Are there ready-made, off-the-shelf solutions for integrating WLAN technology into existing IP VPN product offerings. What are the key pitfalls relative to supporting VPNs riding on W-LAN infrastructures? Do WLANs lend themselves for supporting a form of mobile VPN-roaming?
There are many commercial products that combine VPN and WLAN technologies. For example, WLAN stations running Windows XP can use the built-in VPN client to secure frames sent over wireless, through an AP, to a VPN gateway somewhere upstream. VPN clients like those sold by SafeNet, Certicom, SSH Communications, and Funk can be used over wireless as well. Visit the website of nearly any VPN/firewall vendor and you'll find white papers or tech notes describing how to use VPN to secure wireless traffic.
There are also new products that focus exclusively on the challenges posed by wireless. Transport-layer VPN products from vendors like Columbitech and NetMotion enable secure roaming and session persistence for wireless devices that move between networks - for example, from GPRS to Wi-Fi. Network-layer WLAN gateways from vendors like Bluesocket, Cranite Systems, ReefEdge, and Vernier enable secure roaming between WLAN segments - for example, letting an IPsec tunnel persist when a station roams from AP#1 (802.11b) to AP#2 (802.11a).

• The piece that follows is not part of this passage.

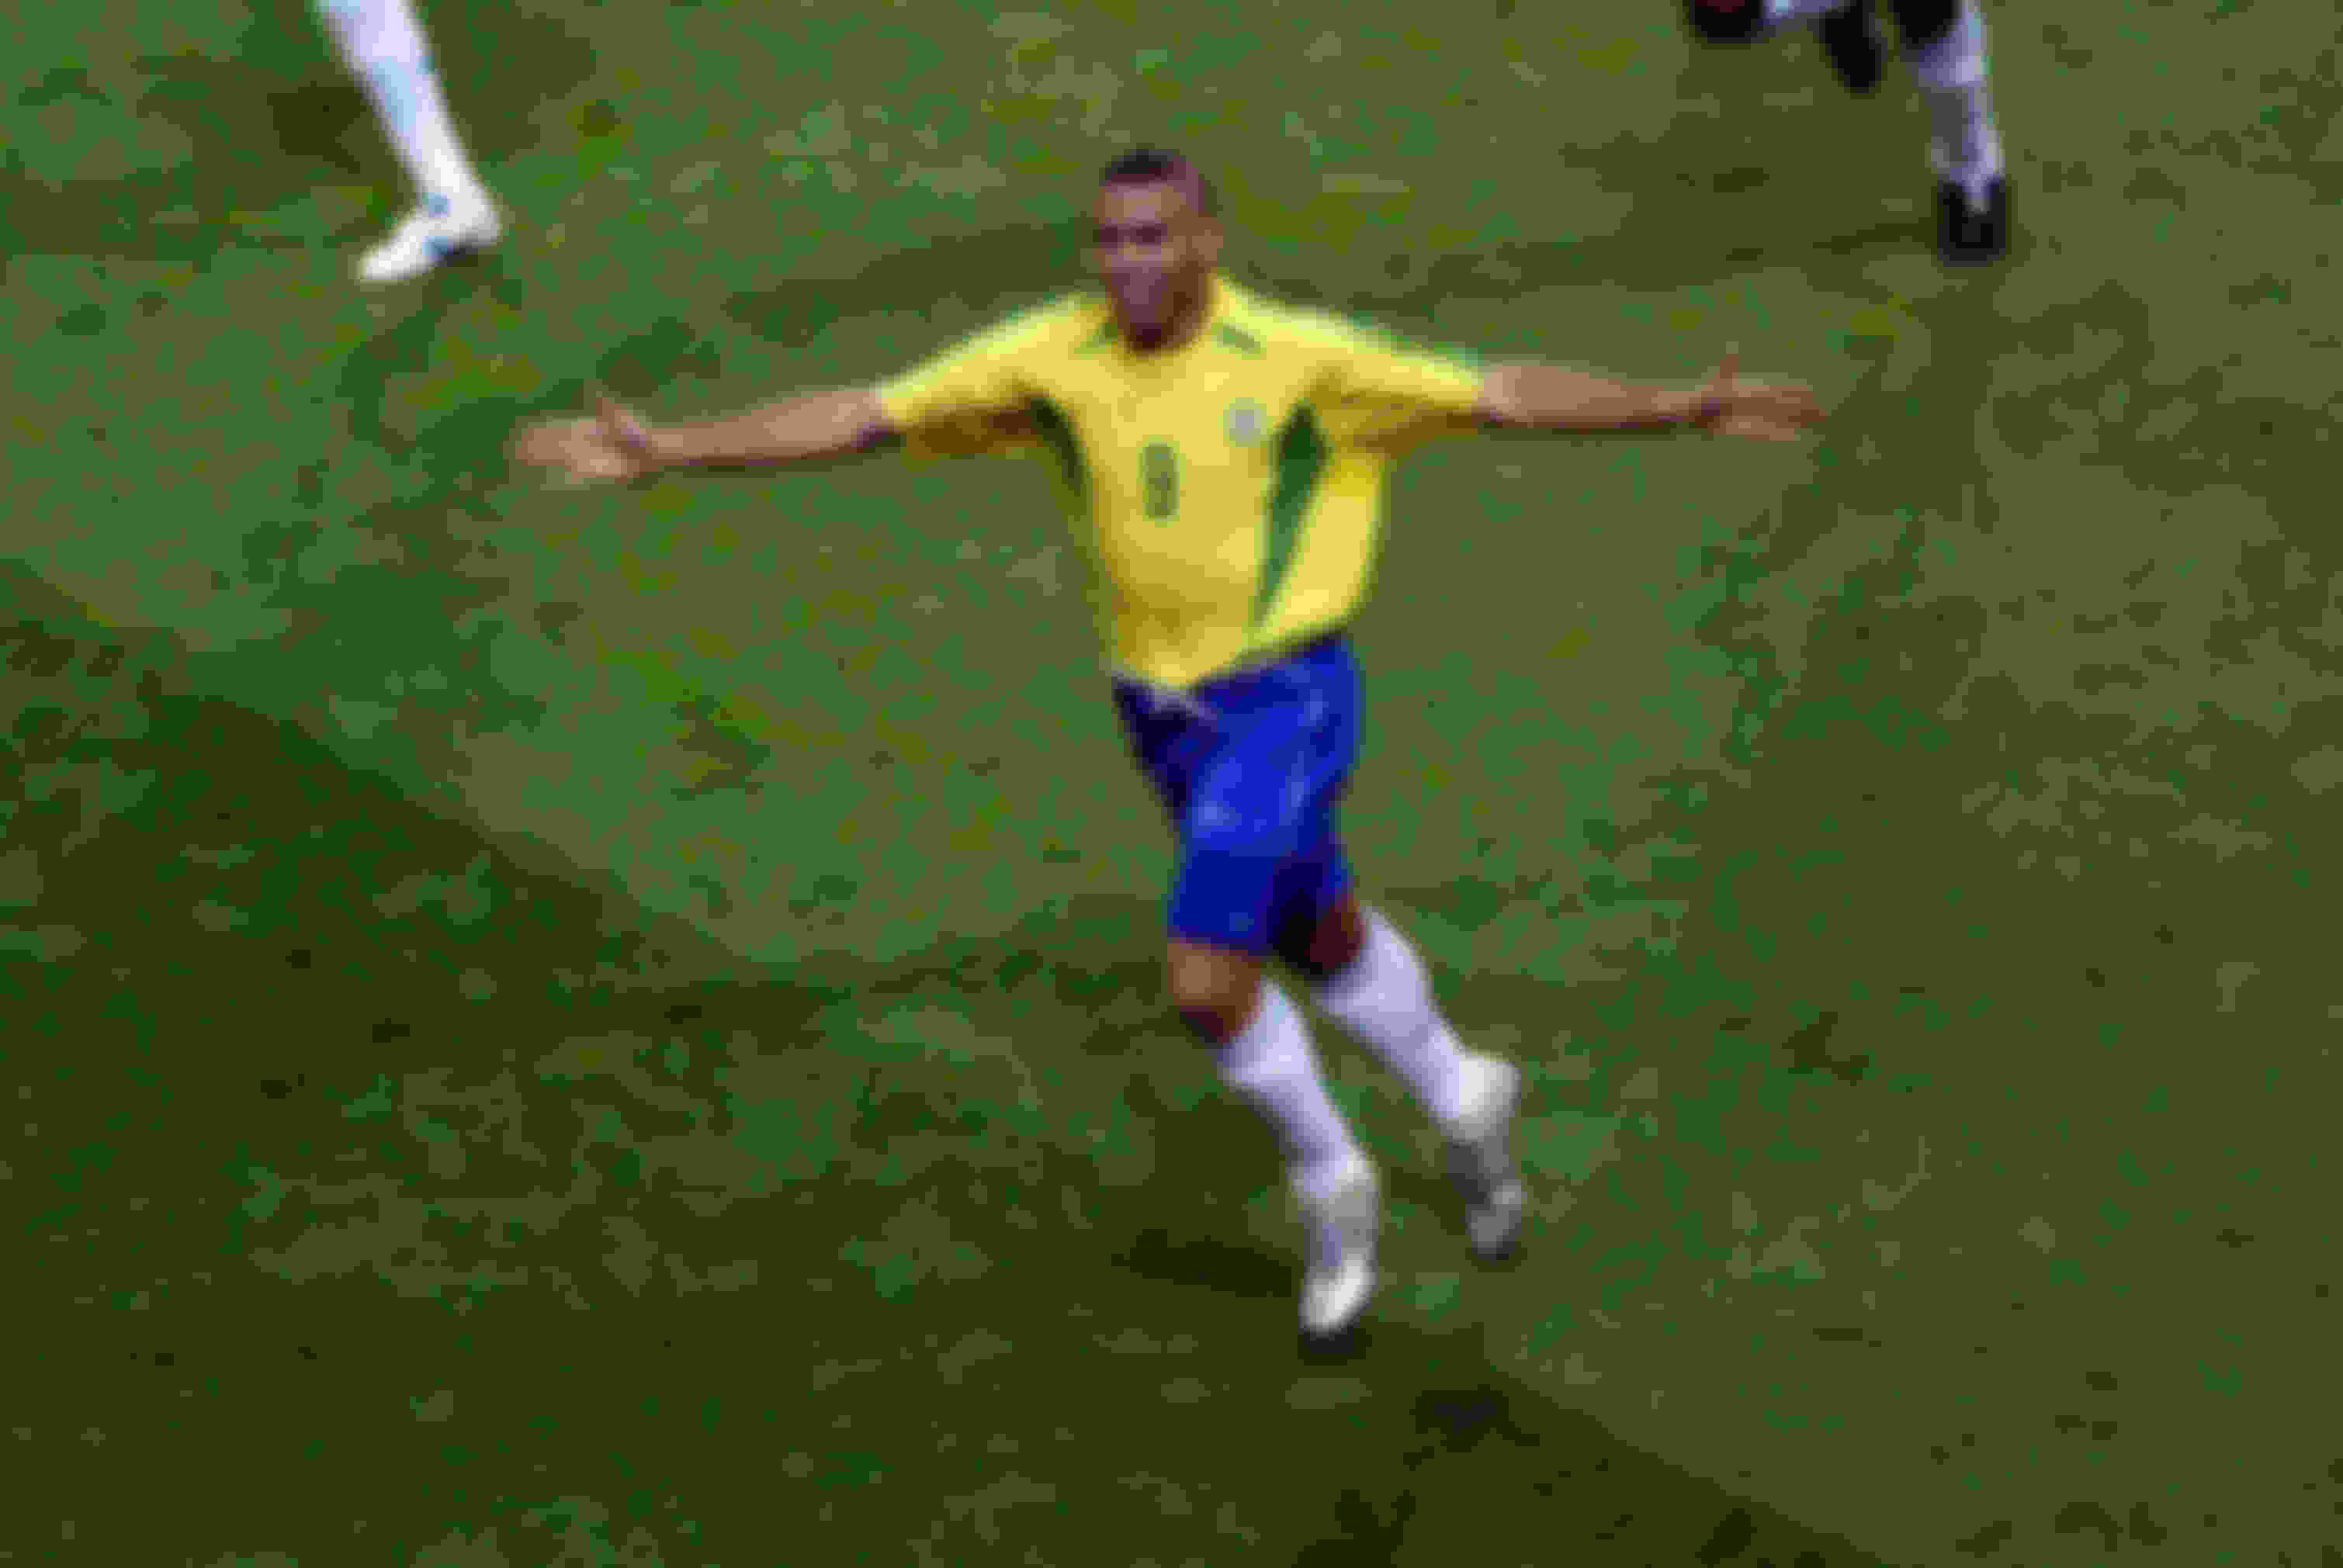 Brazil striker Ronaldo Nazario celebrates scoring a goal at the 2002 World Cup

From these descriptions, you can tell that one of the problems with combining VPN and wireless is persistence. IP-layer VPN tunnels are bound to IP addresses. When a station roams, it (at least briefly) loses the link. When link state changes, the station's IP address may change (DHCP renew.) Any IP-layer tunnel bound to the old address is broken, replaced by a new tunnel, bound to the new address. Tunnel reestablishment may be automated, but takes time and resources. TCP sessions may timeout or get disconnected. Users get frustrated, and if they get too frustrated, they turn off the VPN client.
Solutions fall broadly into two camps. WLAN gateways often act as distributed VPN gateways, using tricks to let the station keep its IP address as it roams. Higher-layer "mobile VPNs" make stations IP-independent by assigning persistent virtual addresses, proxying application sessions, and queueing traffic when stations go unreachable. These are gross generalizations - I strongly recommend visiting vendor Web sites to learn how each product really works. There are other challenges associated with combining VPNs and WLANs. Reusing your existing VPN client makes a lot of sense in a company network where every laptop already has a VPN client. But WLAN operators may have no control over software installed on guest or student laptops, and some wireless devices (i.e., PDAs) may not support your existing VPN client. VPN gateways are usually sized to support relatively low-speed client tunnels - 54 Kbps dial or 1 Mbps broadband - so 11 or 54 Mbps WLANs can require more horsepower per tunnel. Because WLANs are typically used as a network access link, they inherit common issues associated with remote access VPNs - for example, NAT traversal and user-level authentication limitations. This doesn't mean that VPN is not a useful tool for securing WLAN traffic. It just means that there is room for innovation to streamline VPN over wireless, making these VPNs more efficient, transparent, and manageable.